The Lost Civilizations of the Stone Age by Richard Rudgley, Simon and Schuster - overlooked technological achievements of prehistoric societies ( Stone-age dental surgery, anyone?)
Marriage and Family in the Middle Ages by Frances and Joseph Gies, Harper & Row - a classic
A World Lit Only by Fire by William Manchester, Little Brown - a bit dated but still a classic.
The Great Mortality by John Kelly, Harper Collins - the Black Death from a psychological and sociological perspective.
Salt by Mark Kurlansky, Penguin - how our need for salt influenced "the establishment of trade routes and cities, provoked and financed wars, secured empires and inspired revolutions." Lots of good historical information about salt-mining, the salt trade, and the historical use of salt to preserve food.
The Mystery of the Aleph; Mathematics, the Kabbalah, and the Search for Infinity by Amir D. Aczel, Four Walls Eight Windows Publishers- the story of mathematician Georg Cantor's theories of infinity and how they may have driven him mad.
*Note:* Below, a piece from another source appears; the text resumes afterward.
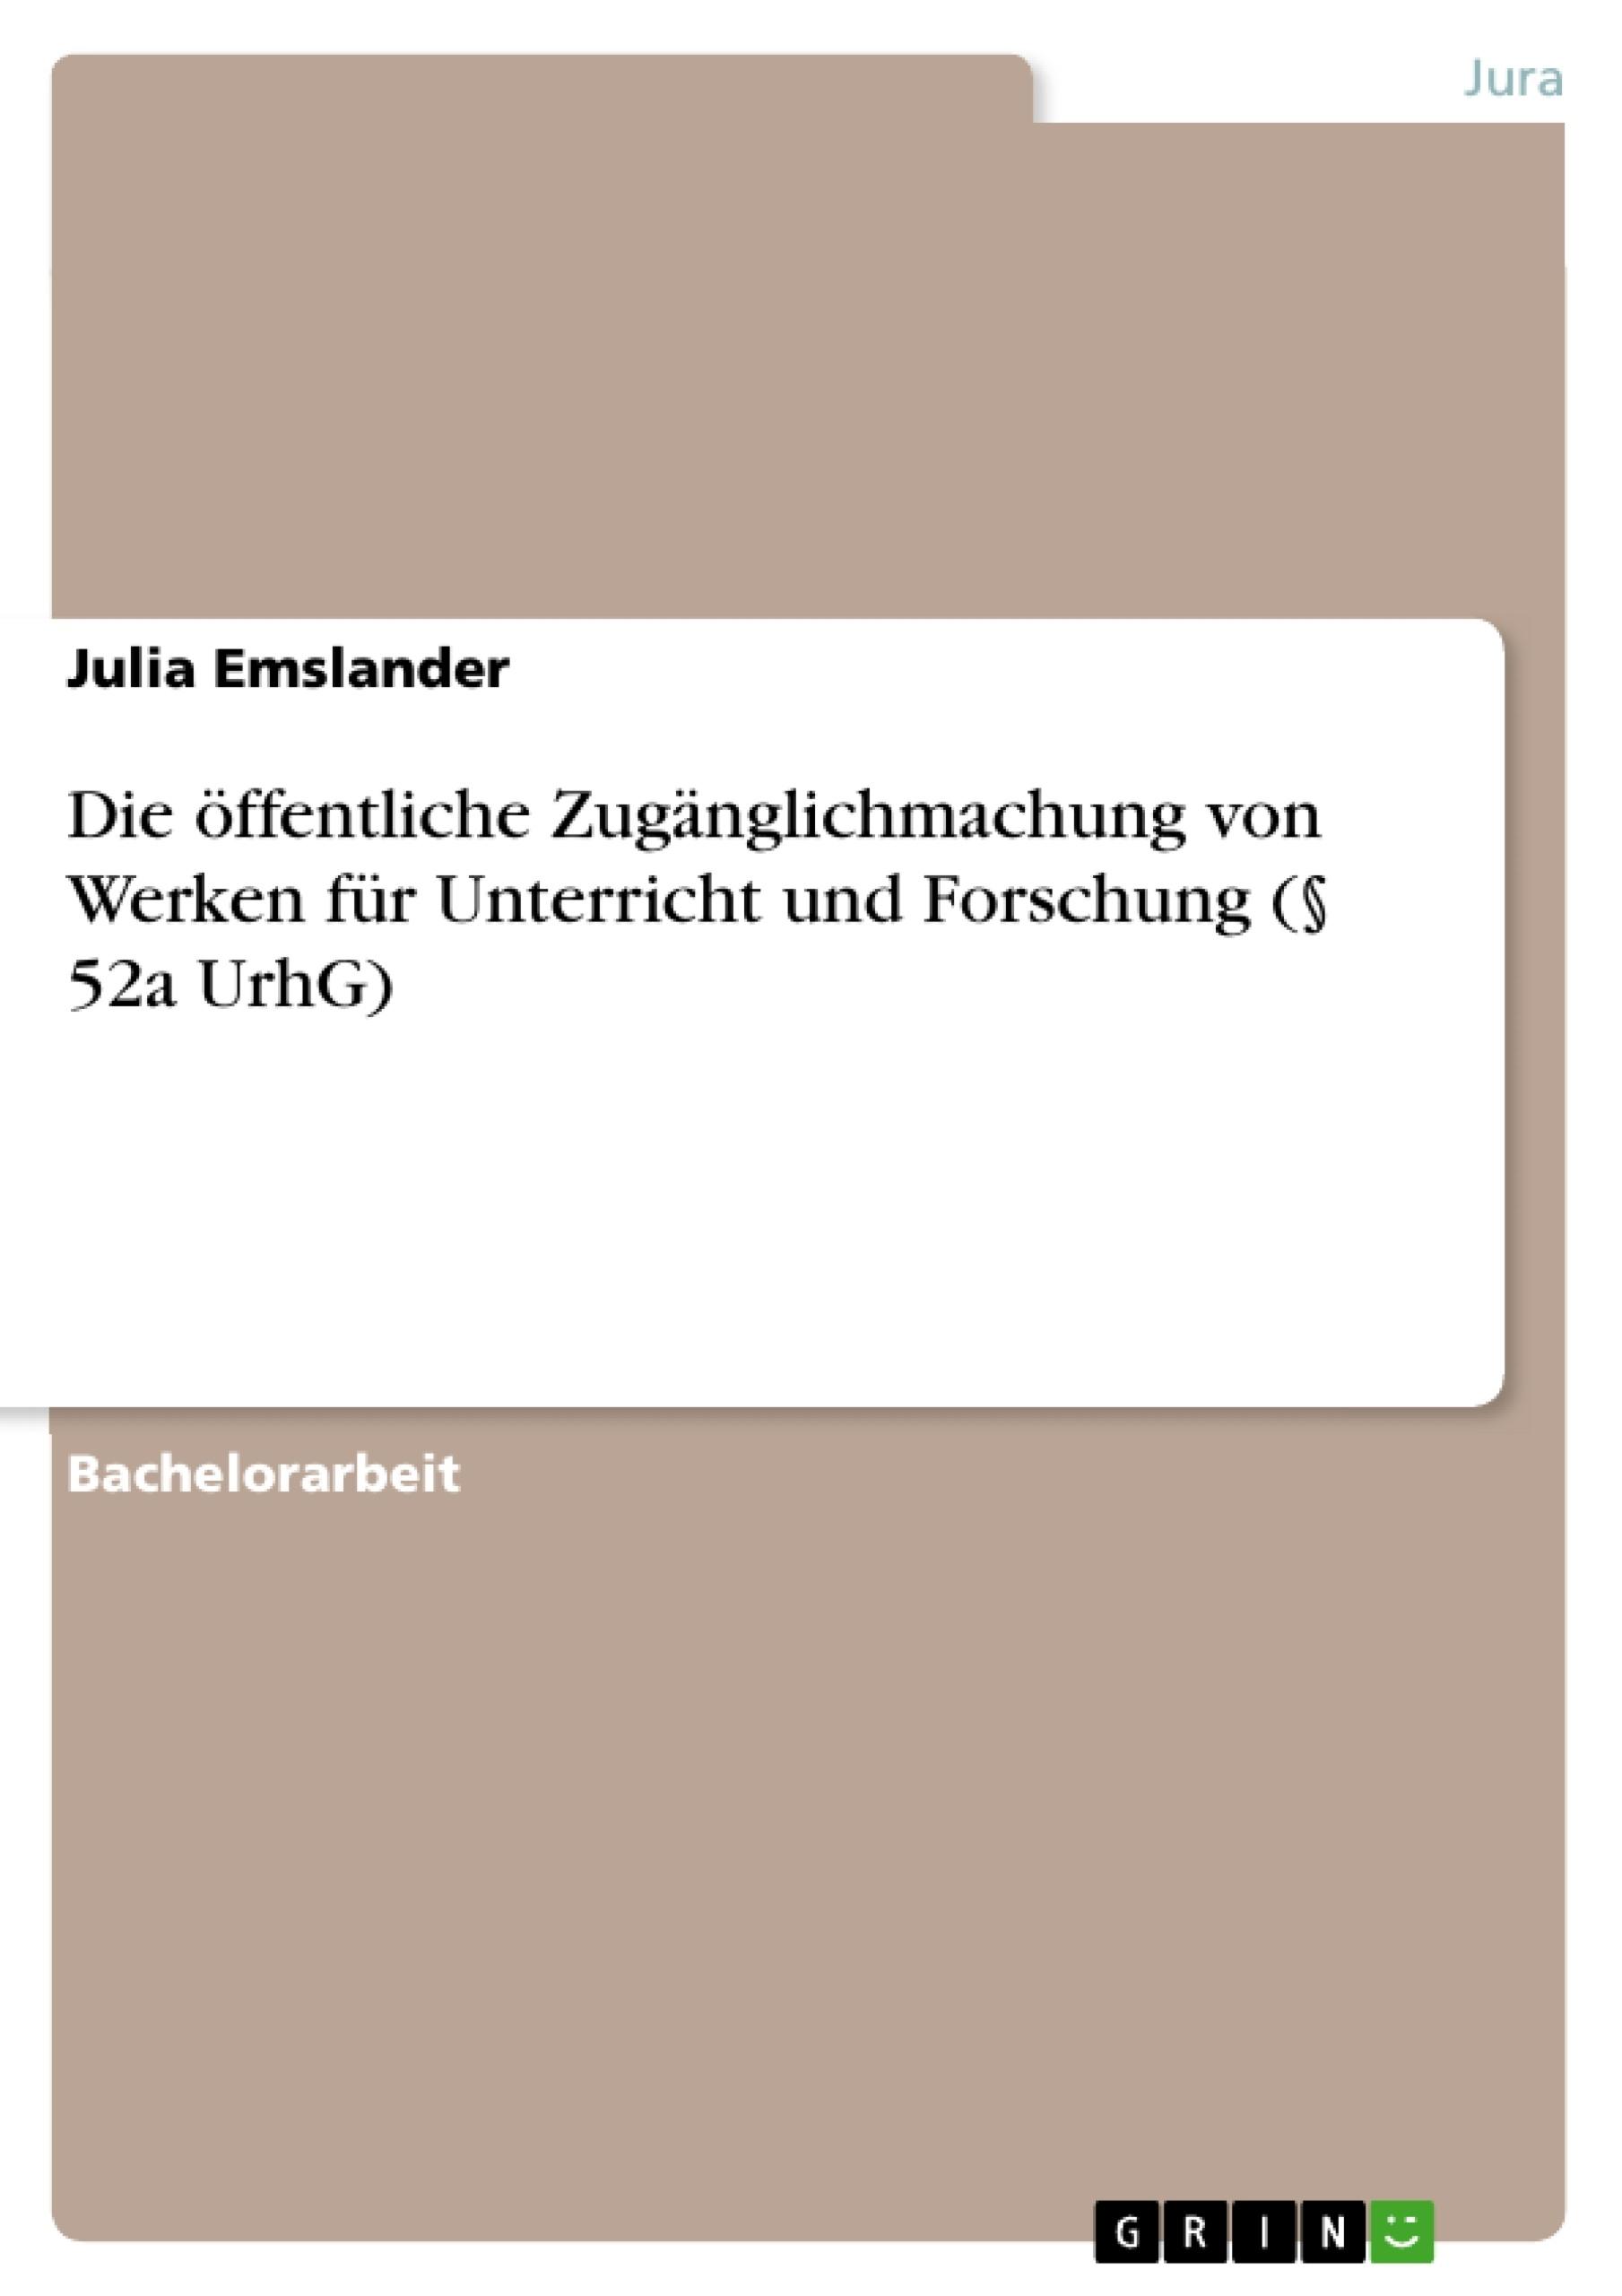 Titel: Die öffentliche Zugänglichmachung von Werken für Unterricht und Forschung (§ 52a UrhG)

Ordinary Men: Reserve Police Battalion101 and the Final Solution in Poland by Christopher R. Browning, Harper Collins - a study of how ordinary men are transformed into monsters.
The Seven Daughters of Eve by Bryan Sykes, Norton - mitochondrial DNA and stone age population movement out of Africa. Still a good primer, if a bit dated and dumbed down.
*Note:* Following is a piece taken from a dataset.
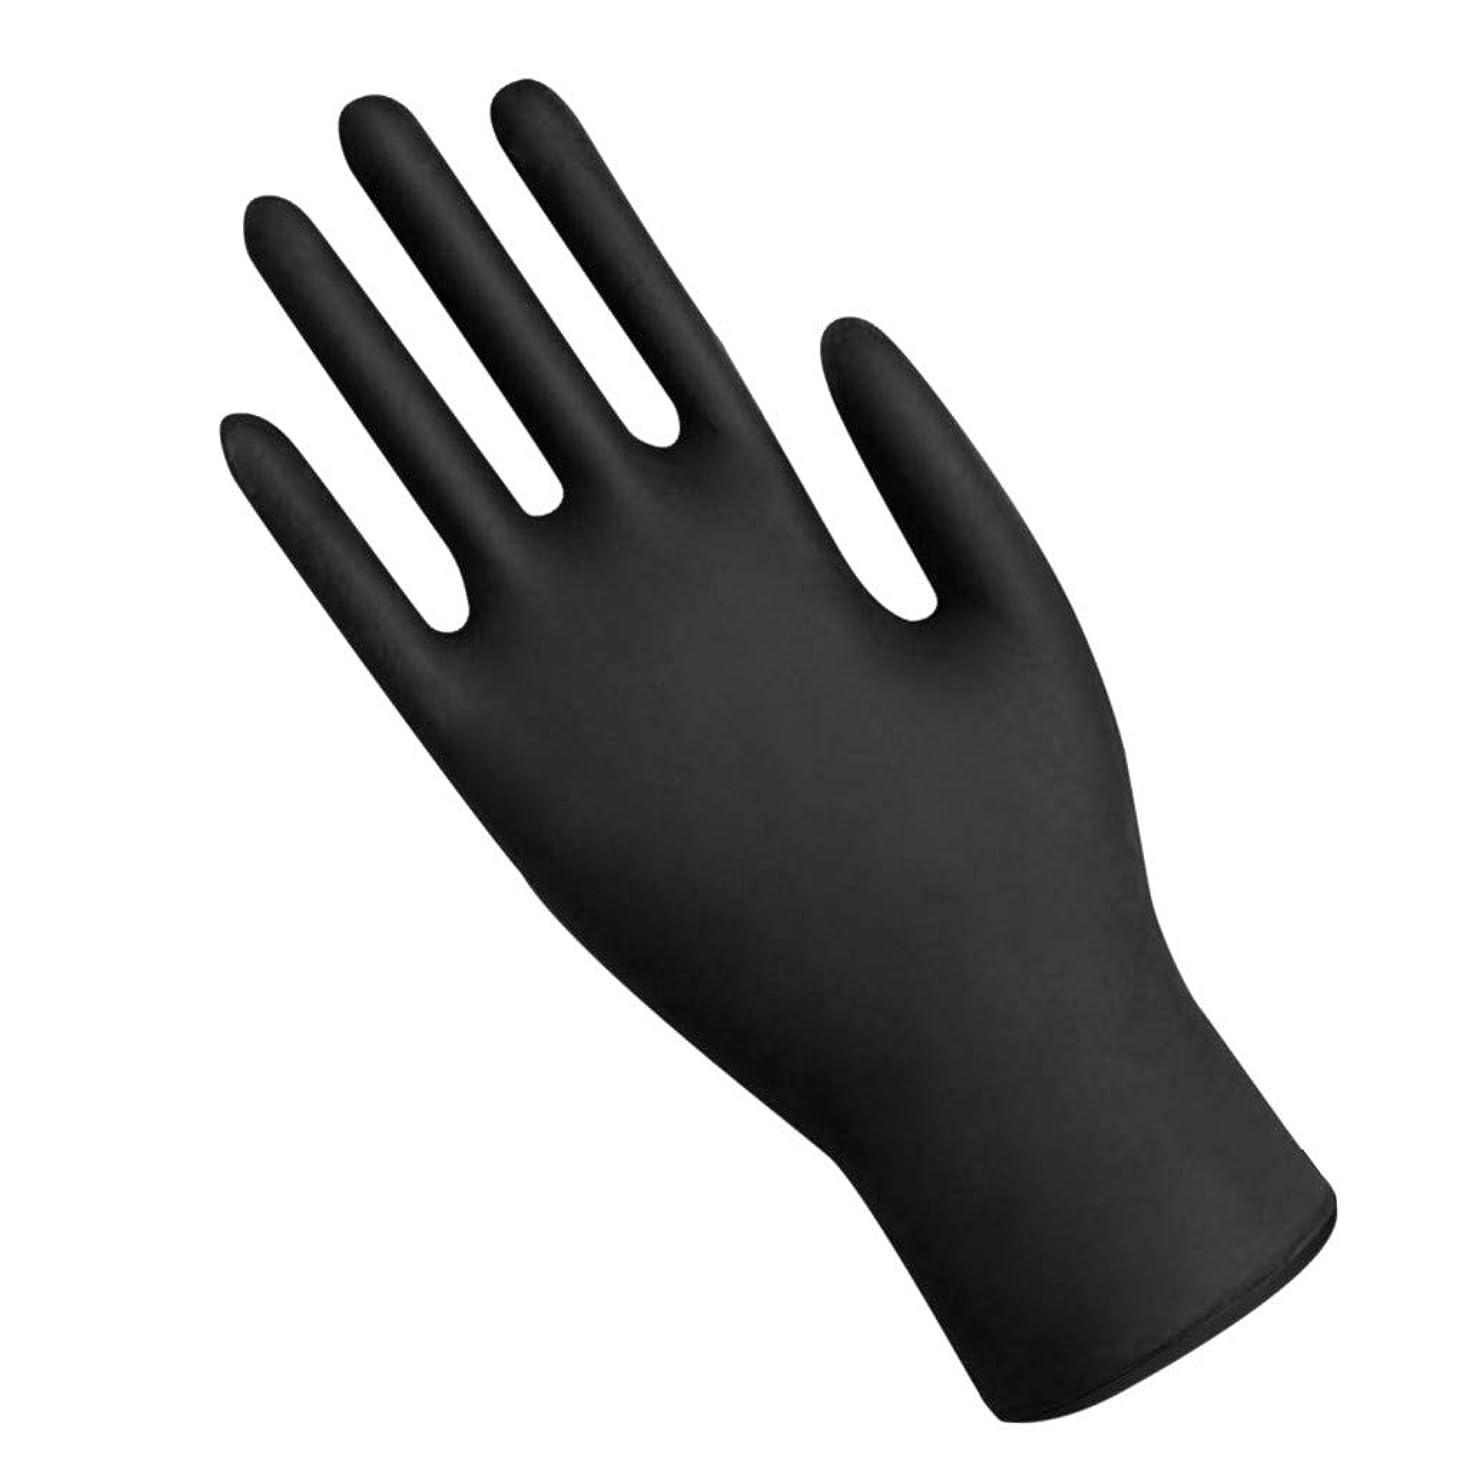 暗殺者不安ベルトLazayyi 50枚入 シルク手袋 手袋 使い捨て手袋 手荒い 滑りにくい 超弾性 (M, ブラック)

The Man in the Ice by Konrad Spindler, Crown - the discovery of a 5,300-year-old man buried in an Alpine glacier, complete with all his clothing and gear. Slightly dated by newer revelations about the Iceman's cause of death, but still contains wonderful insights into daily life in the late Stone Age and lots of photos of the Iceman's clothing and gear.
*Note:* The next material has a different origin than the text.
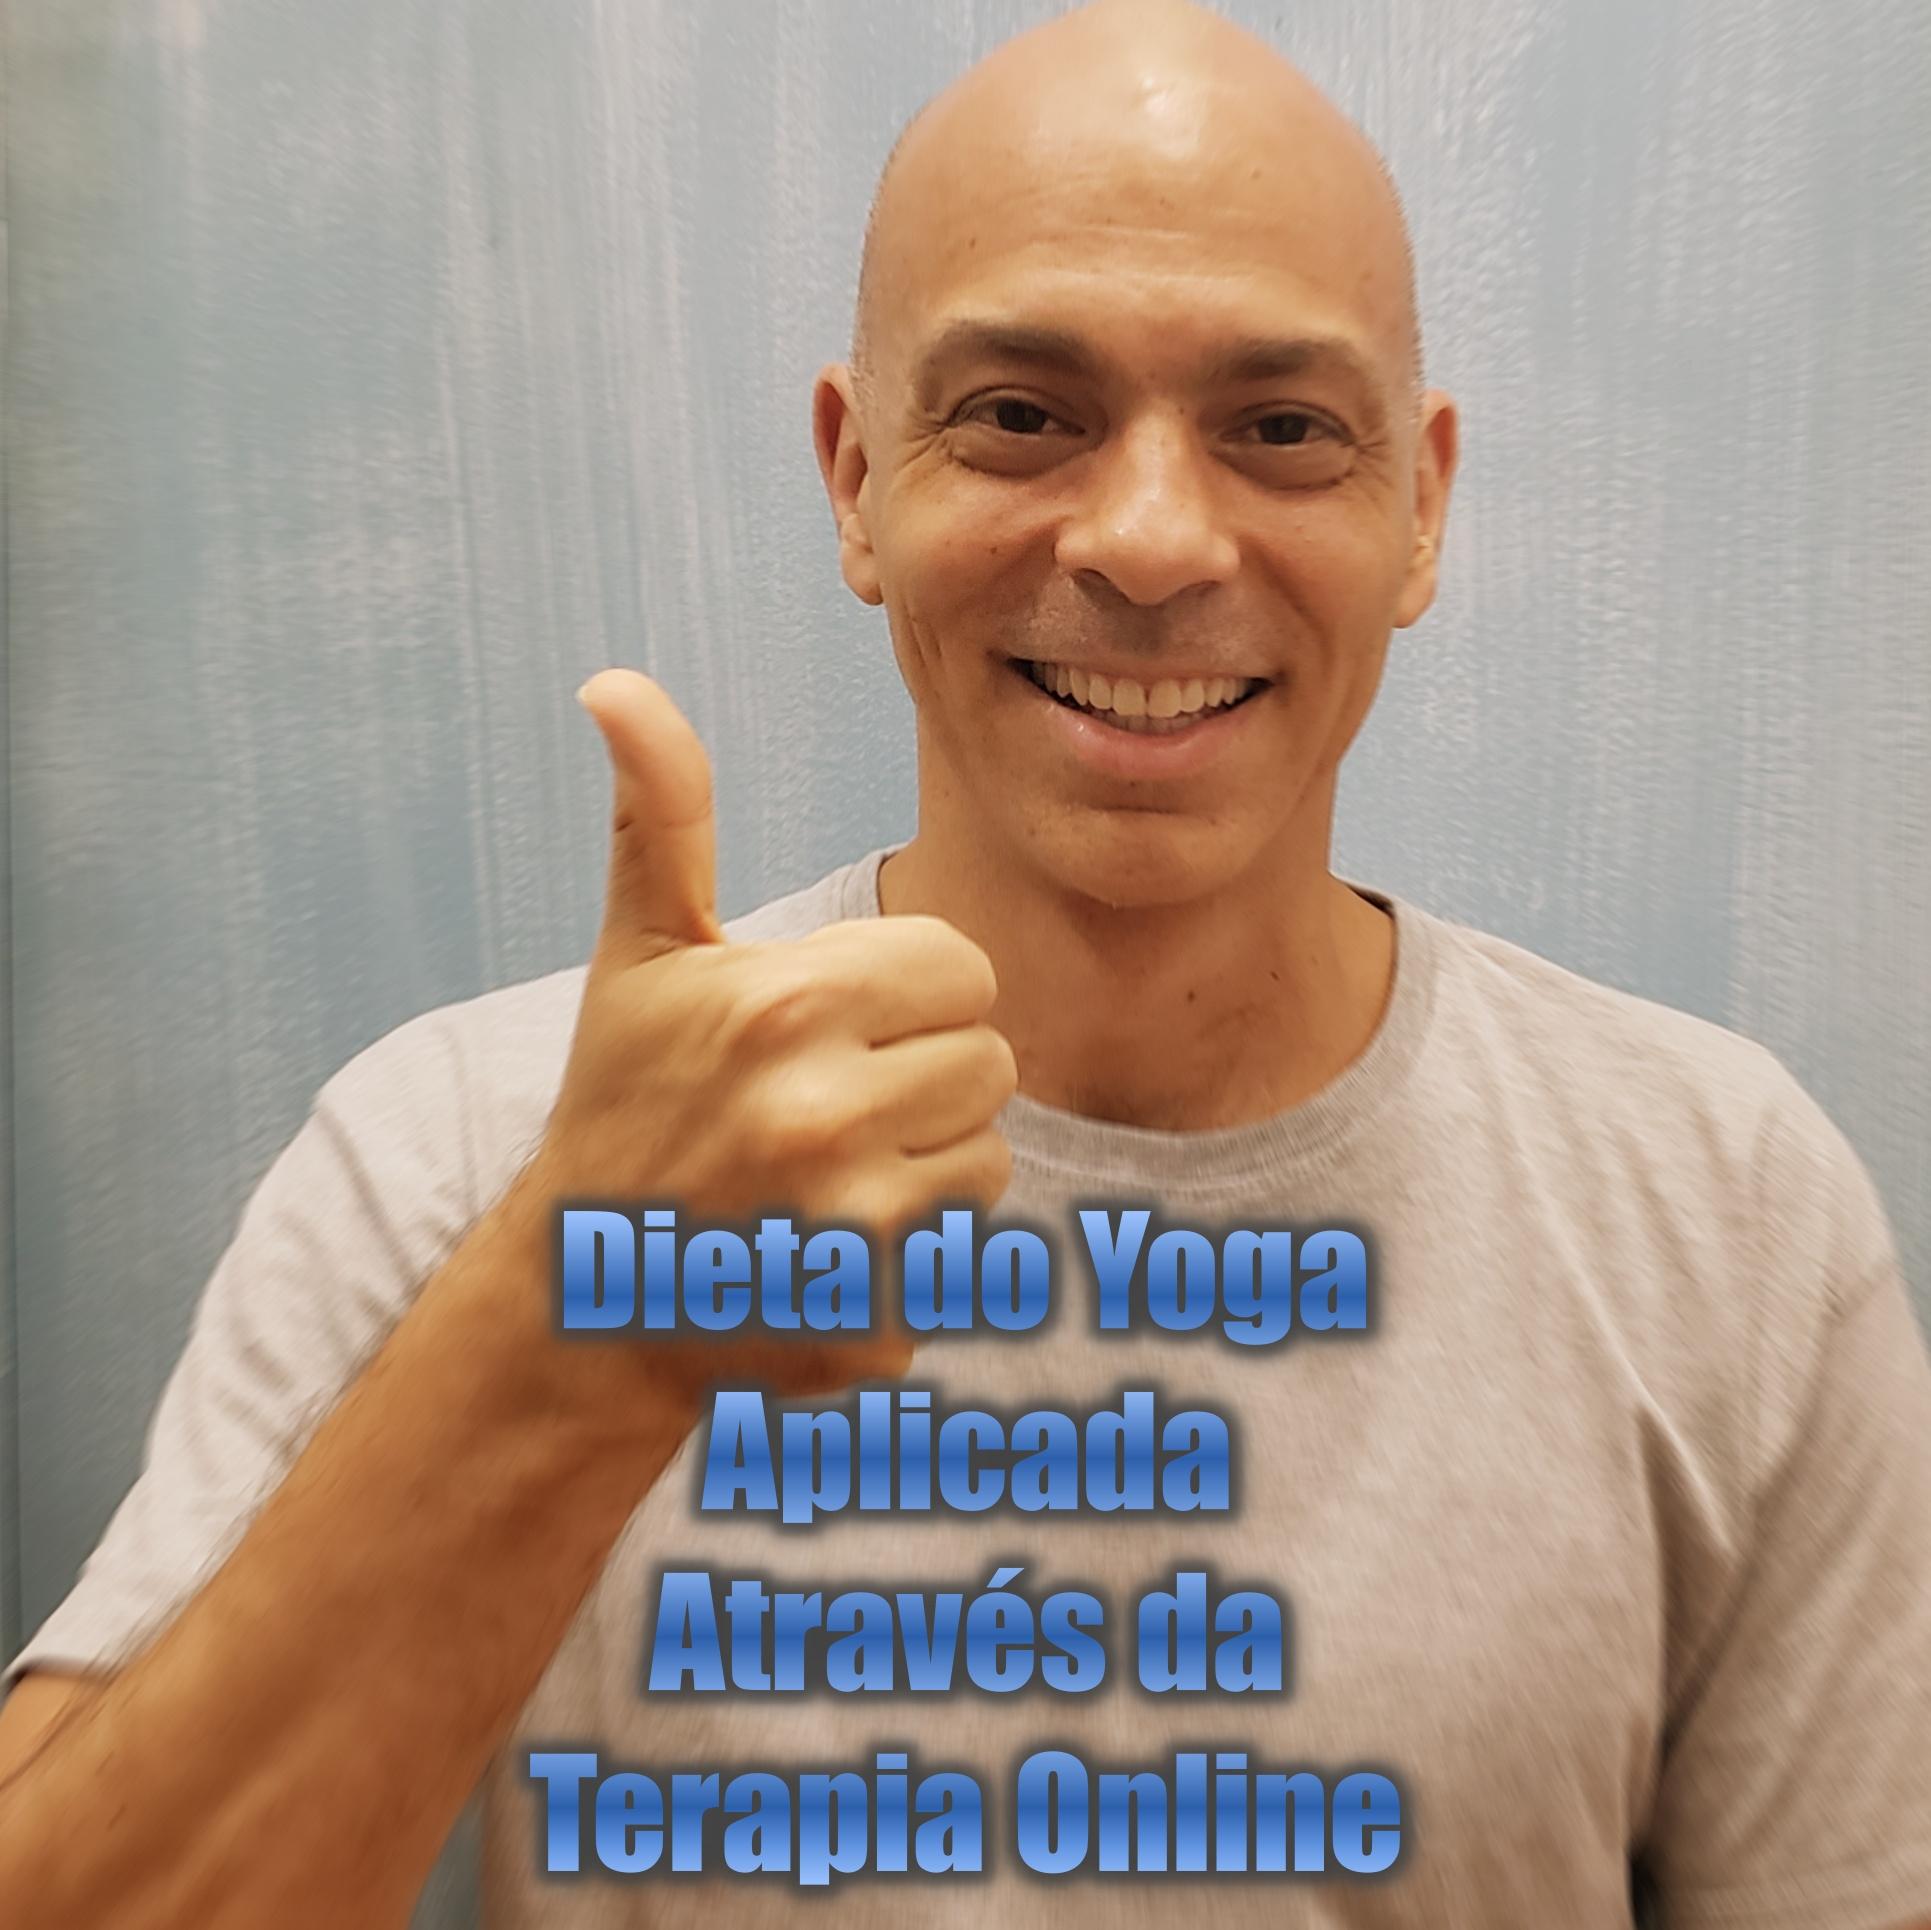 A Dieta do Yoga através da Terapia Online

A Persian Odyssey by Rami Yelda, Pankovich - a fascinating, insightful, colorful, and occasionally humorous look inside contemporary Iran by an expatriate on his first visit back after 40 years. Yelda manages to infuse both cultural insight and humor into experiences as simple as asking the hotel clerk for a phone book and paying for lunch at a cafe.
These days I mostly read historical mysteries. Three of my favorite series:
Dissolution, Dark Fire, and Sovereign by C.J. Sansom
A series of historical mysteries set during the reign of King Henry VIII, featuring a wonderful MC lawyer who investigates murders even as he slogs through the ethical, moral, and political minefield of the English Reformation. New!! A fourth Shardlake book, Revelation
Barbara Hambly's Benjamin January series
Benjamin January, a free African-American, was educated as a physician in Paris, but has to earn a living as a musician in 1830s New Orleans, while solving crimes in his spare time. Fantastic insight into the stratified and complex society of 1830s New Orleans. My favorite books in this series feature January's friendship with police lieutenant Abishag Shaw.
Lindsey Davis's Marcus Didius Falco mysteries, set in ancient Rome
Anne Perry's Victorian mysteries
Silent in the Grave by Deanna Raybourn
A very good Victorian mystery that I probably would have skipped because the cover makes it look like a romance.